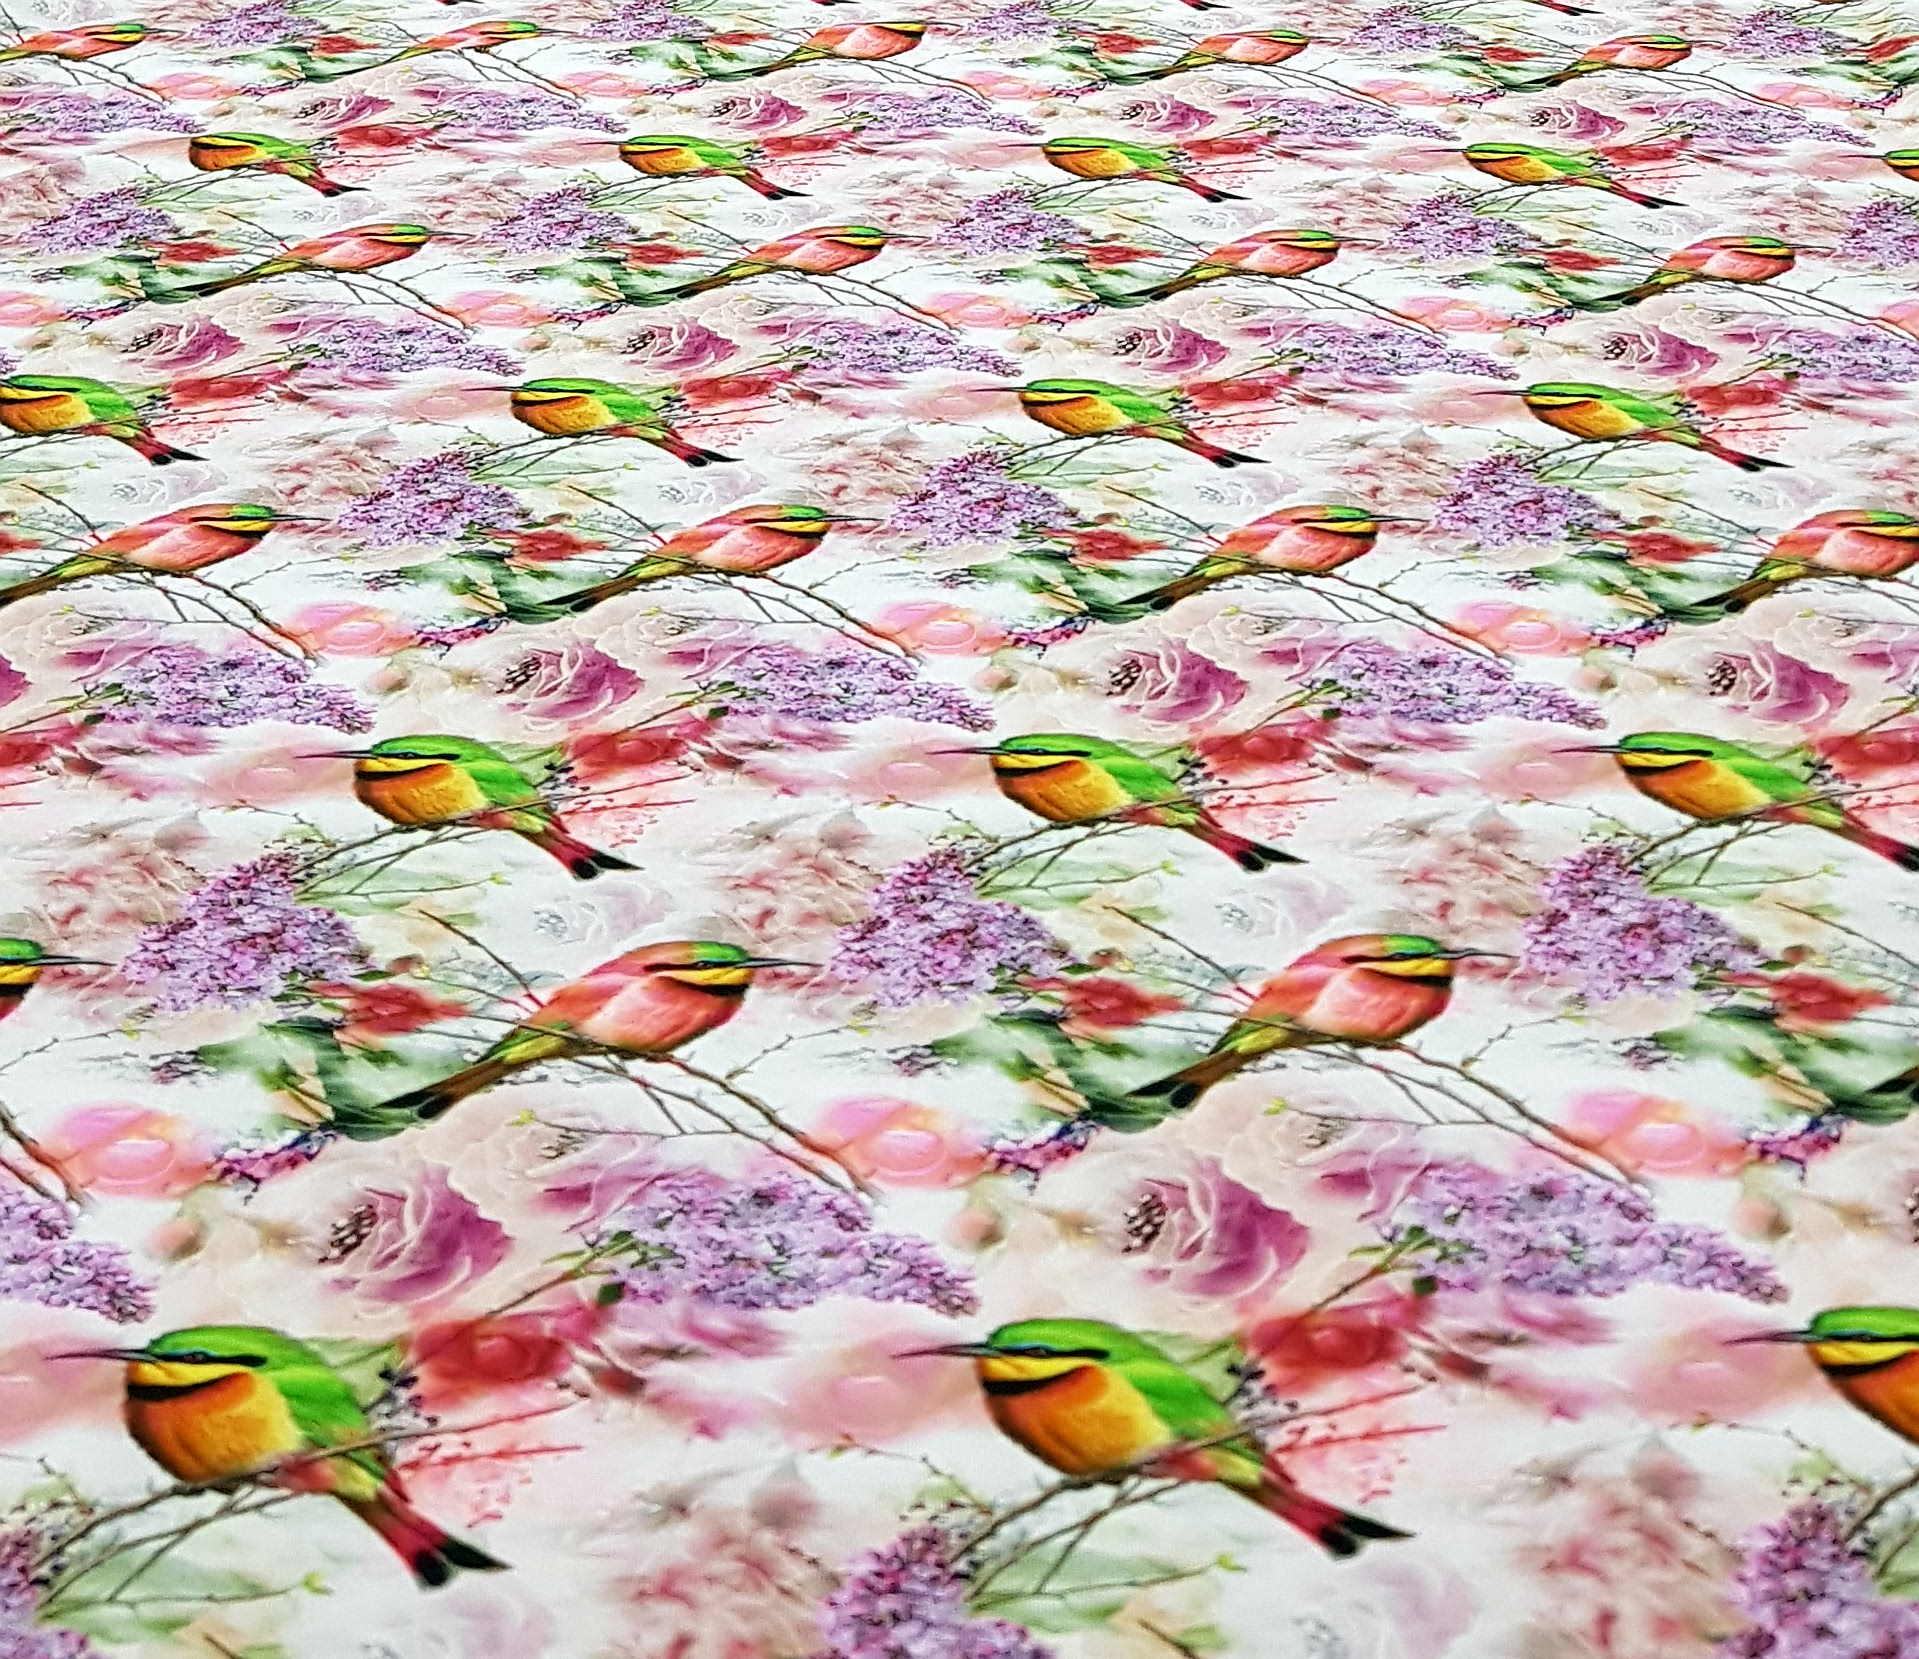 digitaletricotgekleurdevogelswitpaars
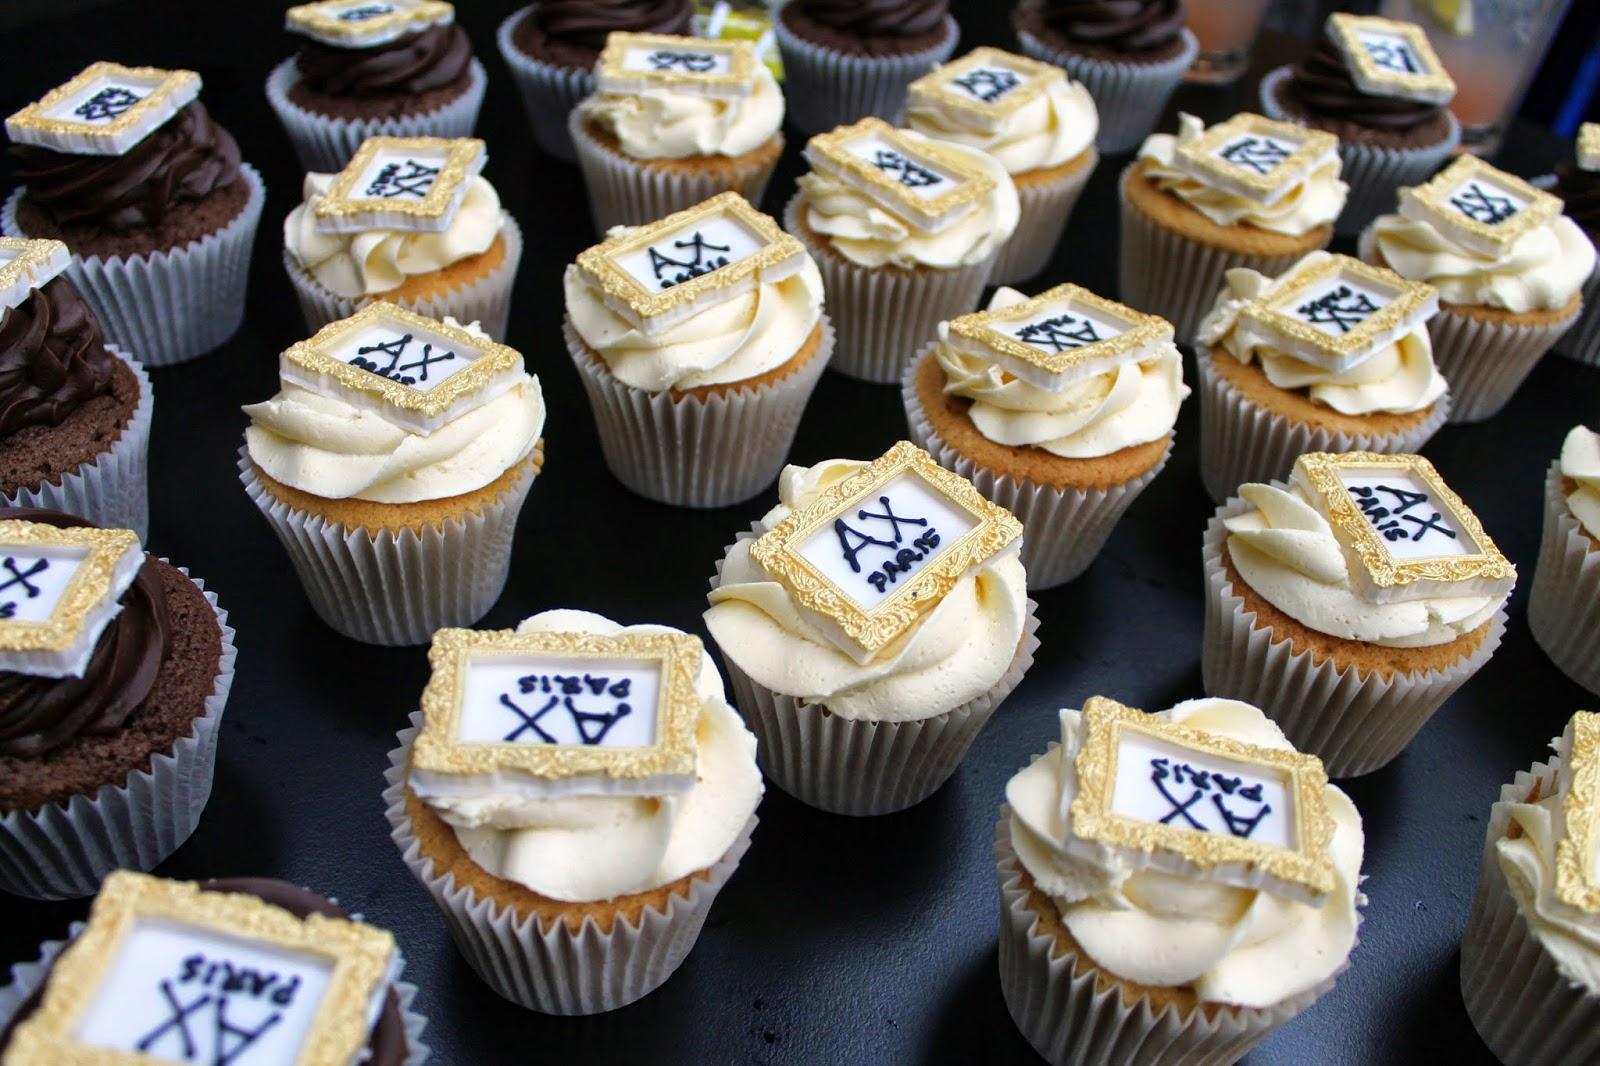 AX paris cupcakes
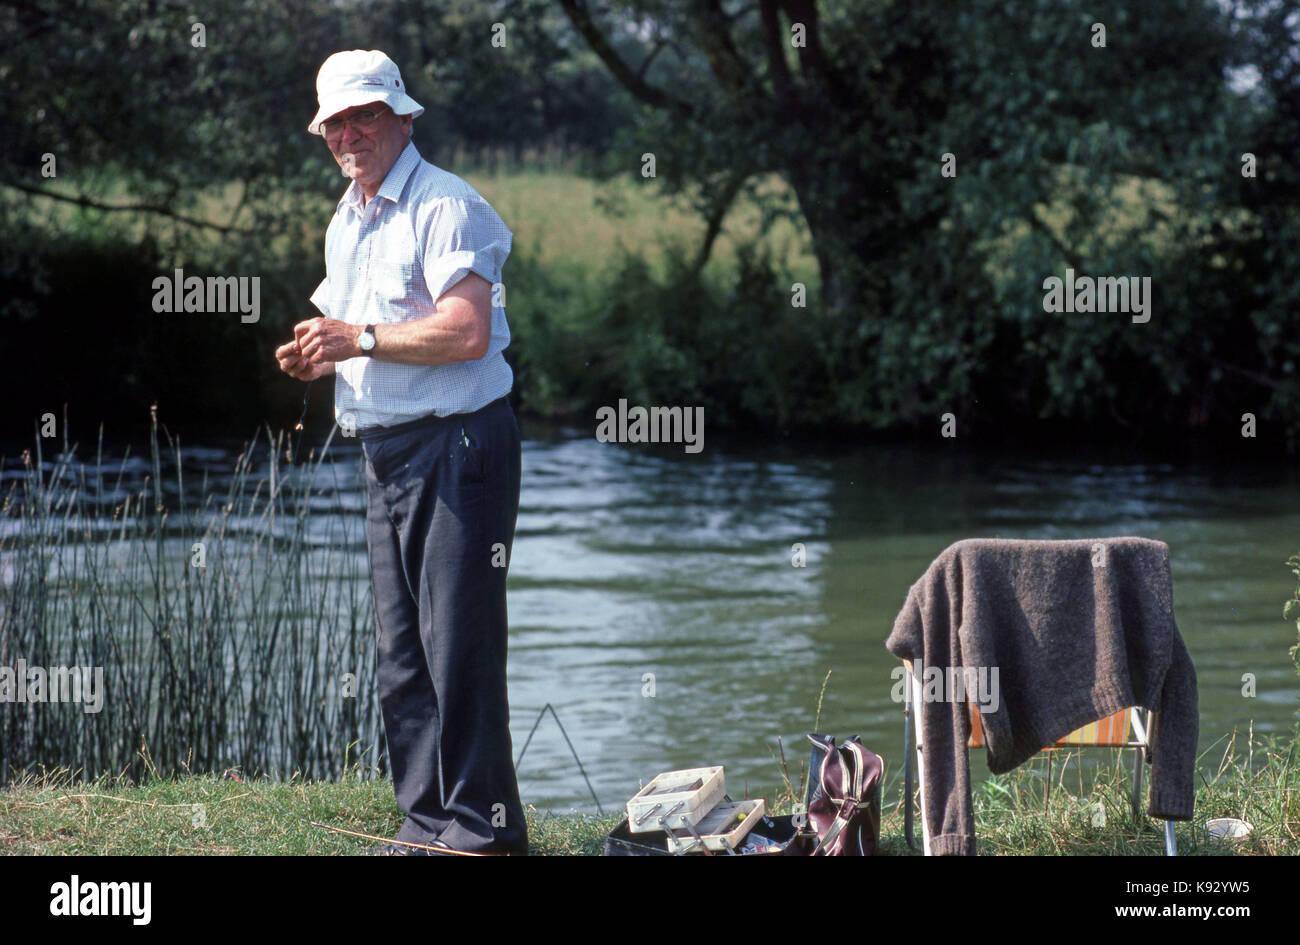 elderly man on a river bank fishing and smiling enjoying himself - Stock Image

## Work instructions
A faithful copy of all the data above is required, printed exactly and with no pictures.

## Finished exercise
 digitaletricotgekleurdevogelswitpaars
 AX paris cupcakes
 elderly man on a river bank fishing and smiling enjoying himself - Stock Image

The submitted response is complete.